Enquanto isso, de volta à vida real, o Upper West Side de Manhattan treme
como uma plataforma de metrô, chacoalhando as janelas, derrubando latas
de lixo, o gemido estridente do alarme de inúmeros carros crescendo por
toda a Broadway, penetrando a noite em seu momento mais silencioso, um
pouco antes do amanhecer.
– Zack! – grita Hope, estendendo a mão em minha direção, o volume de
sua voz quase tão assustador quanto o tremor de terra, suas unhas bem tratadas machucando os meus ombros. Hope, não Tamara. É isso mesmo. Tão
linda Hope. Abro os olhos.8
– Mas o que é isso? – É o melhor que consigo dizer em tal circunstância.
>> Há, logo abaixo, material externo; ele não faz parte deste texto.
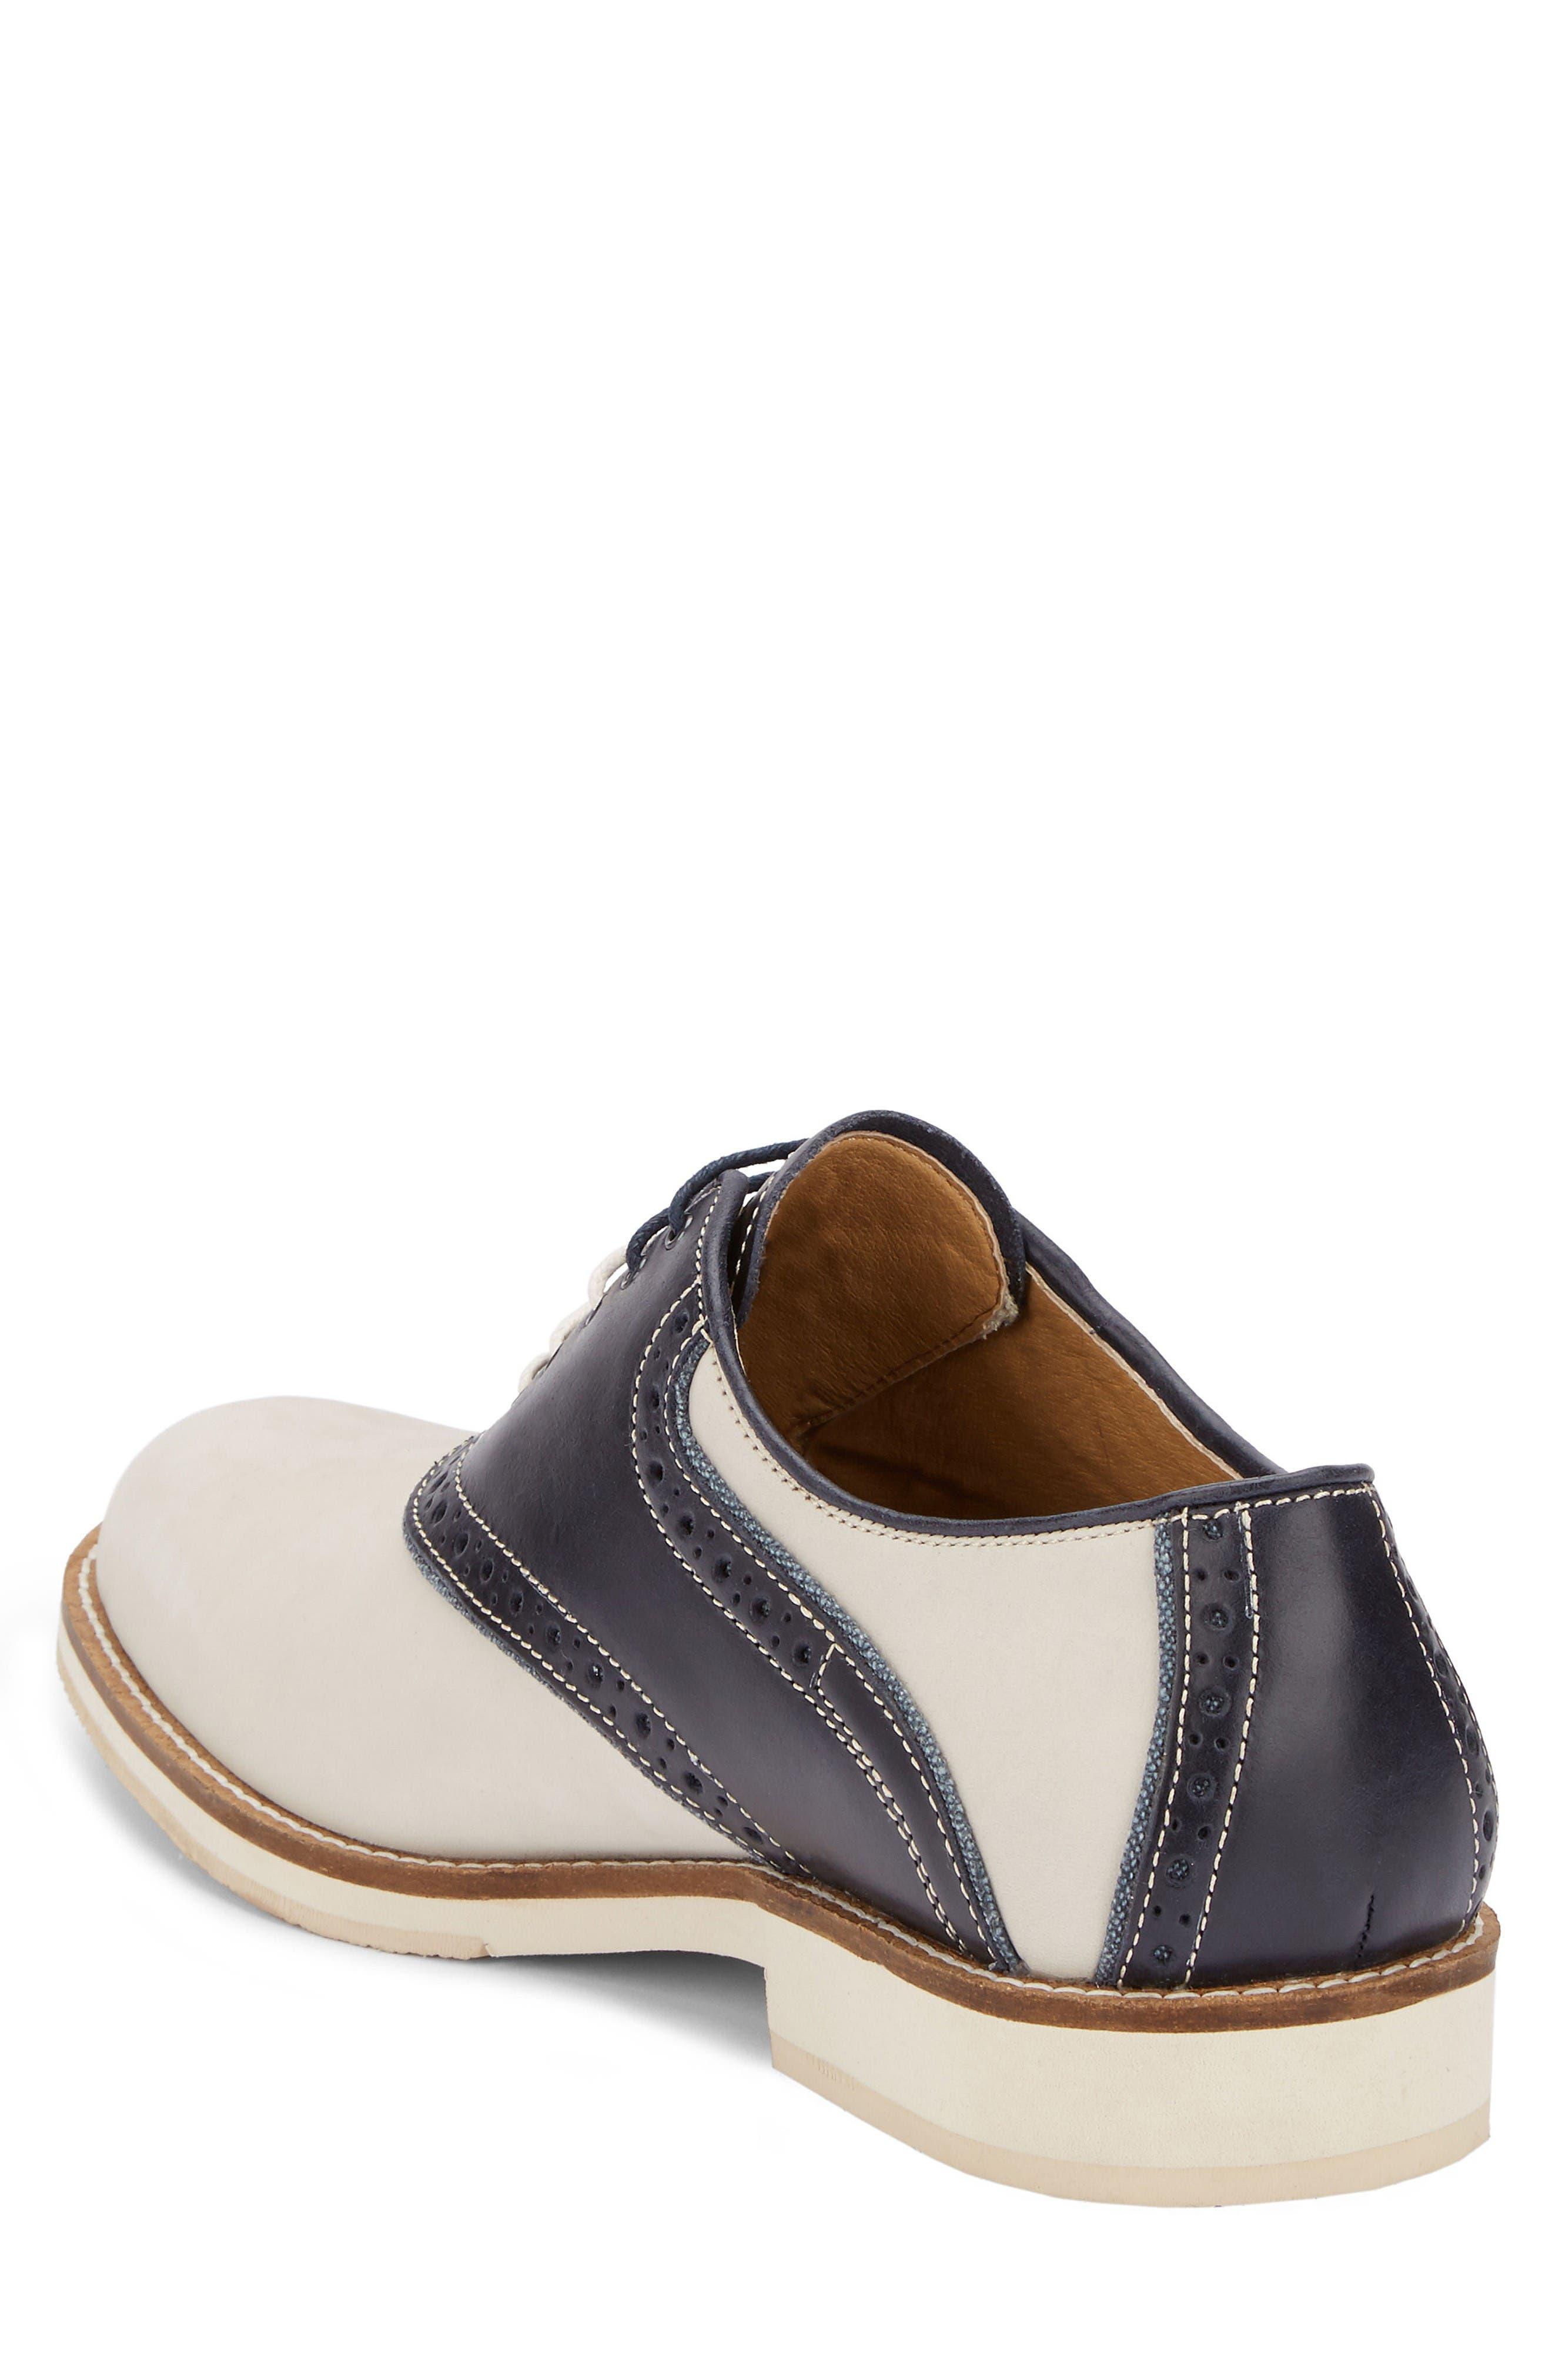 Noah Saddle Shoe,                             Alternate thumbnail 2, color,                             Oyster/ Navy

Voltamos os olhos para o teto enquanto a cama trepida levemente e logo
nos levantamos. Minha fiel cueca estampada com o Gato Félix e o pijama de
cetim de Hope comprado na Brooks Brothers revelam a natureza pós-coito
de nosso sono interrompido. Quando terminamos de descer as escadas em
direção à sala já não há mais tremores e nos deparamos com Jed, com quem
divido o apartamento, de pé, sem roupas, olhando pela janela com alguma
curiosidade.
– O que aconteceu? – pergunto.
– Não sei – responde ele, coçando o abdômen sarado. – Acho que foi um
terremoto. – Ele se volta e começa a andar em direção ao sofá.
– Oh, meu Deus! – grita Hope, enquanto vira o corpo e cobre os olhos.
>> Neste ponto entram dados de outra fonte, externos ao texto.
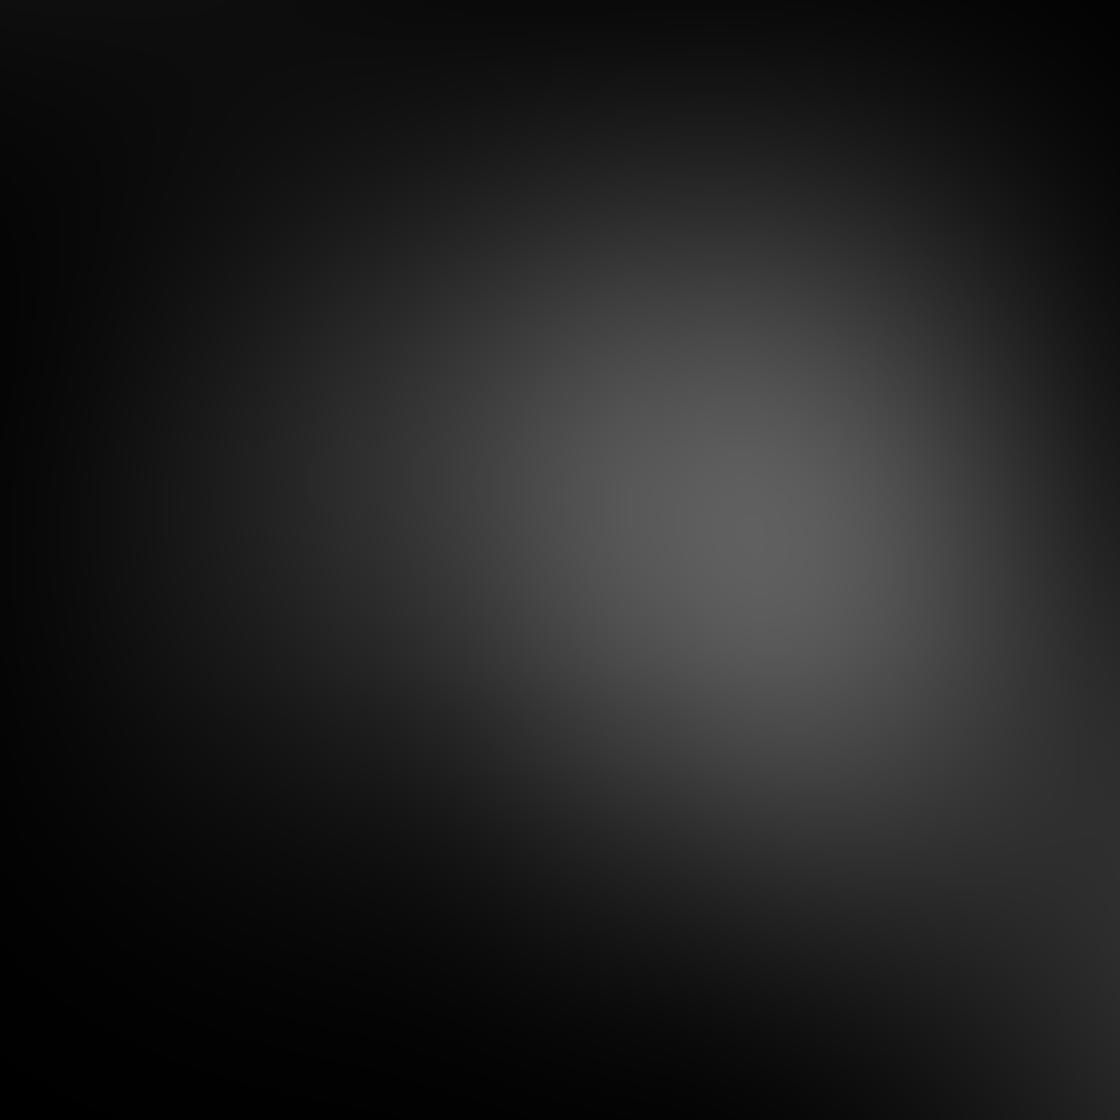 iPhone Photo Black White 29

– Opa – exclama Jed, dando-se conta da presença dela. – Oi, Hope.
– Dá para você esconder esse negócio por um minuto? – peço em nome
de Hope.
– Eu não sabia que ela estava aqui – diz Jed, sem fazer nenhum movimento para encobrir sua nudez.
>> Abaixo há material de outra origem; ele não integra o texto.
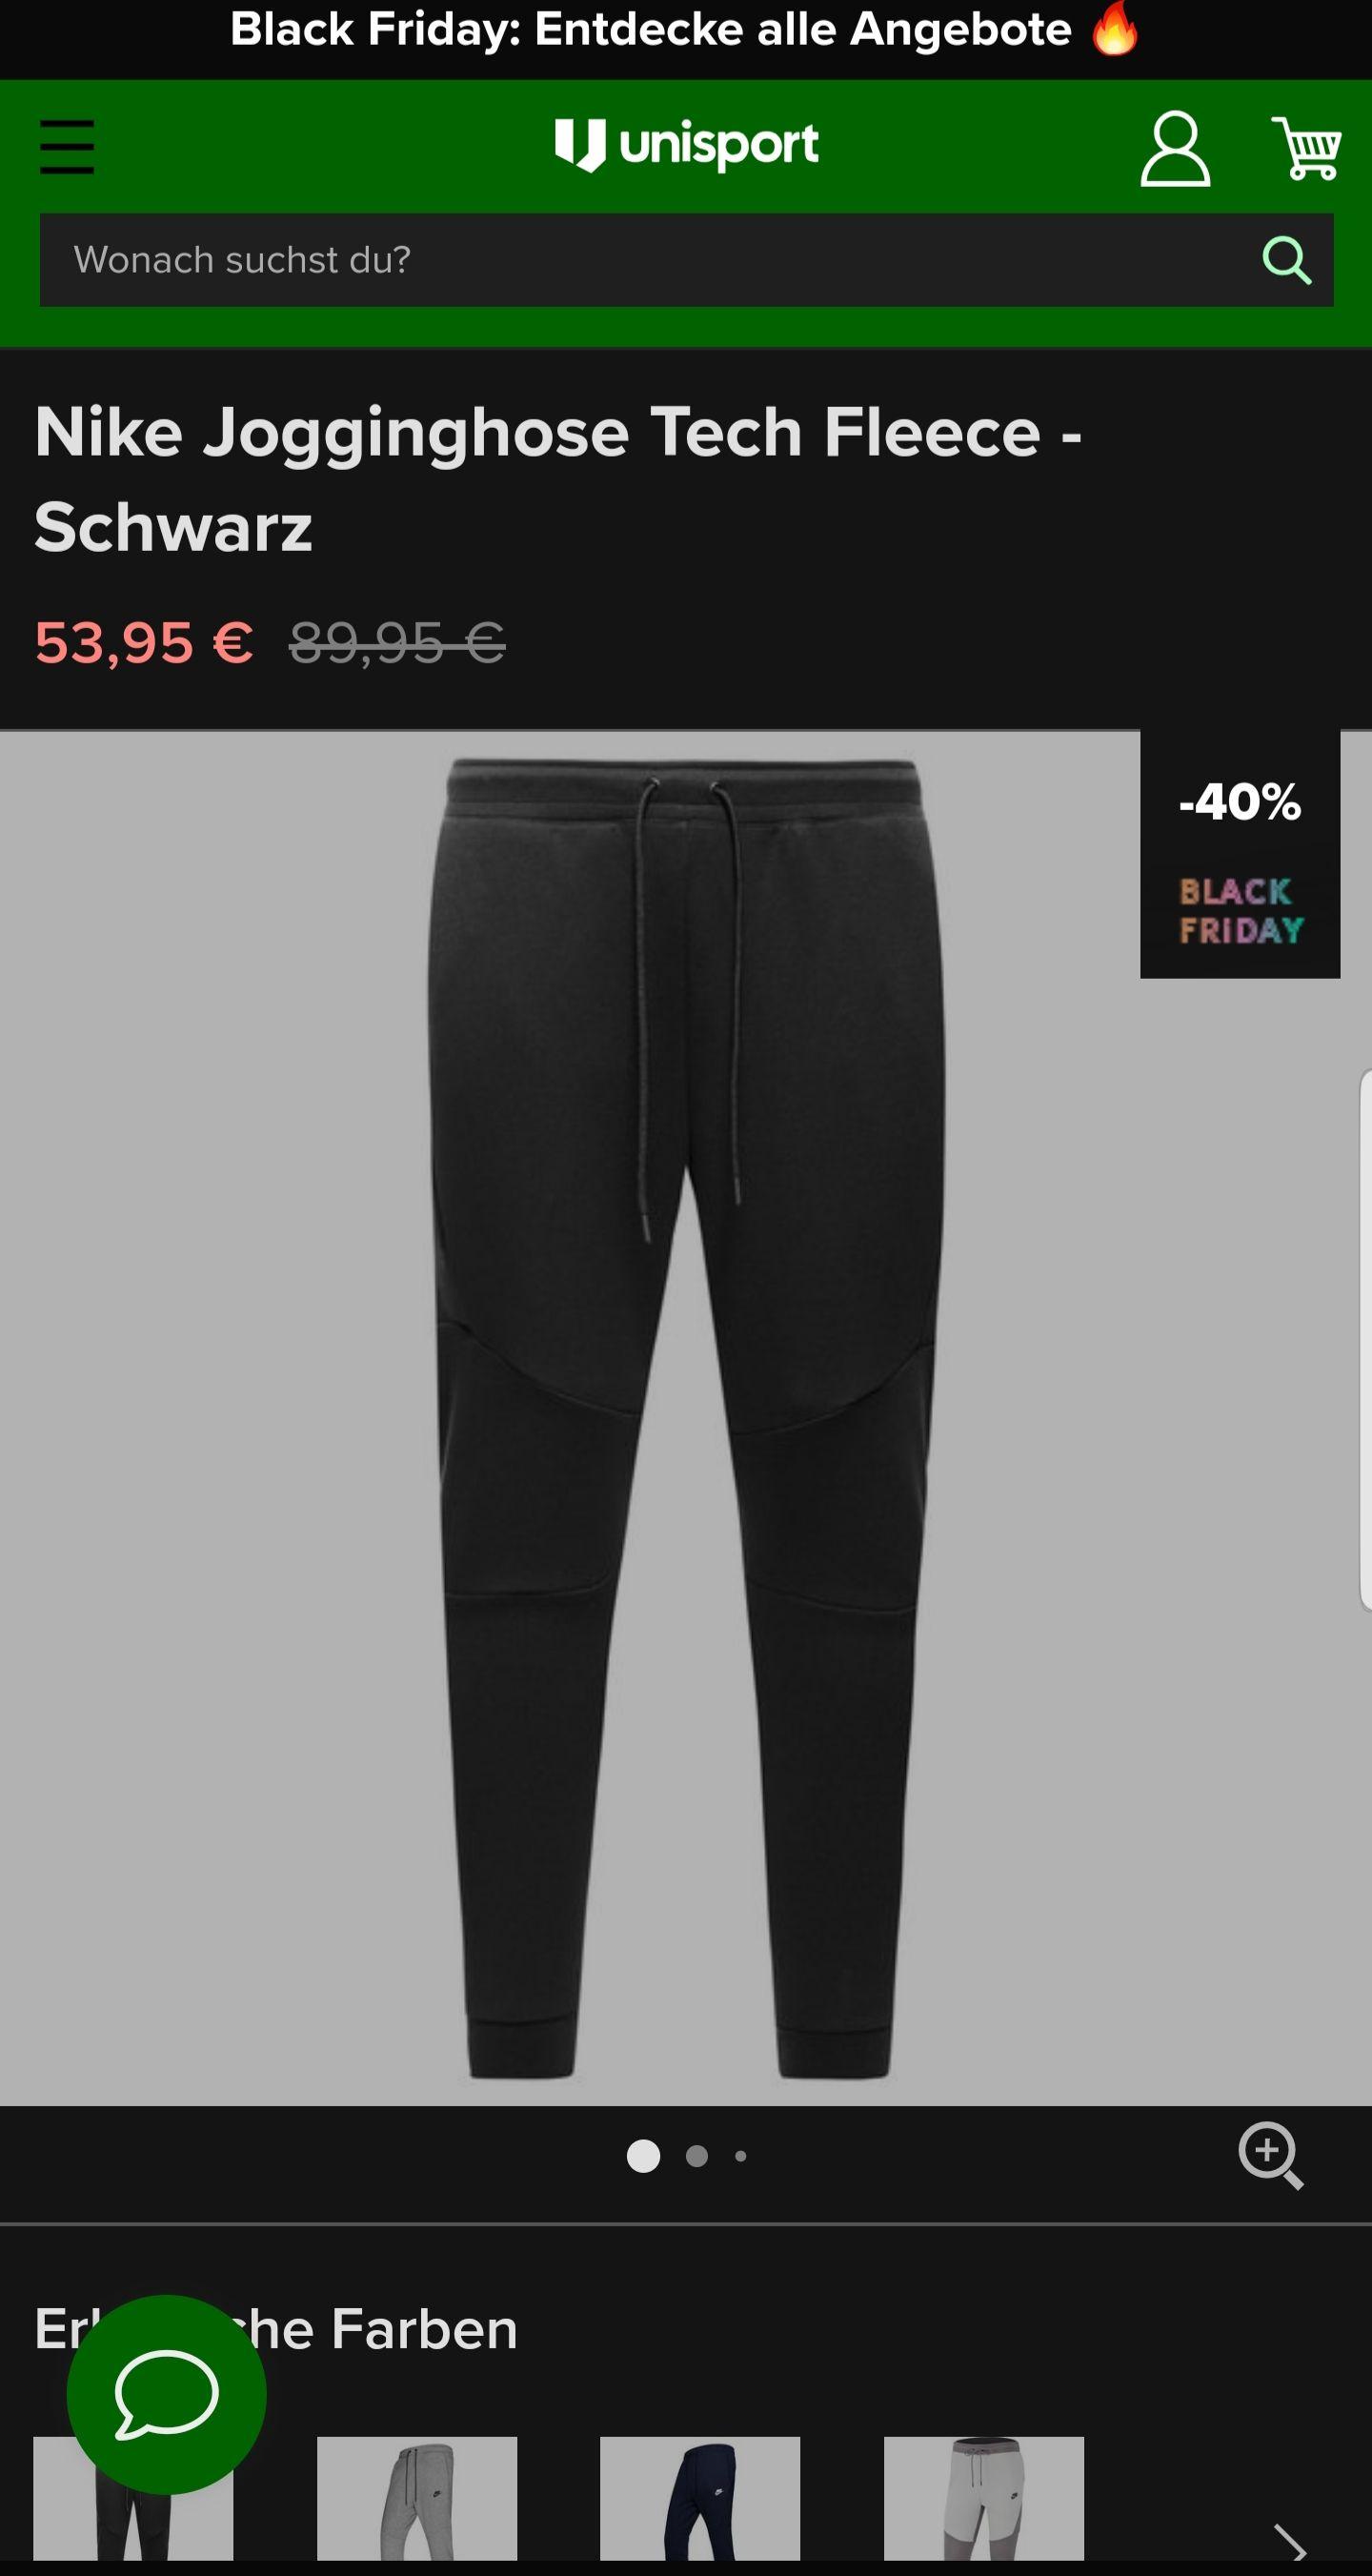 Nike Jogginghose Tech Fleece - Schwarz

– Bem, agora você já sabe – diz Hope, com aquela voz que parece um
choramingo alto e aristocrático e que nunca deixa de me irritar.
Adoro o Jed, mas ultimamente ele não perde uma chance de exibir seu
corpo. Nem me lembro da última vez que o vi usando uma camisa. Uma
das desvantagens de morar com um desempregado milionário é que ele
não tem nada para fazer além de ver televisão e cultivar excentricidades.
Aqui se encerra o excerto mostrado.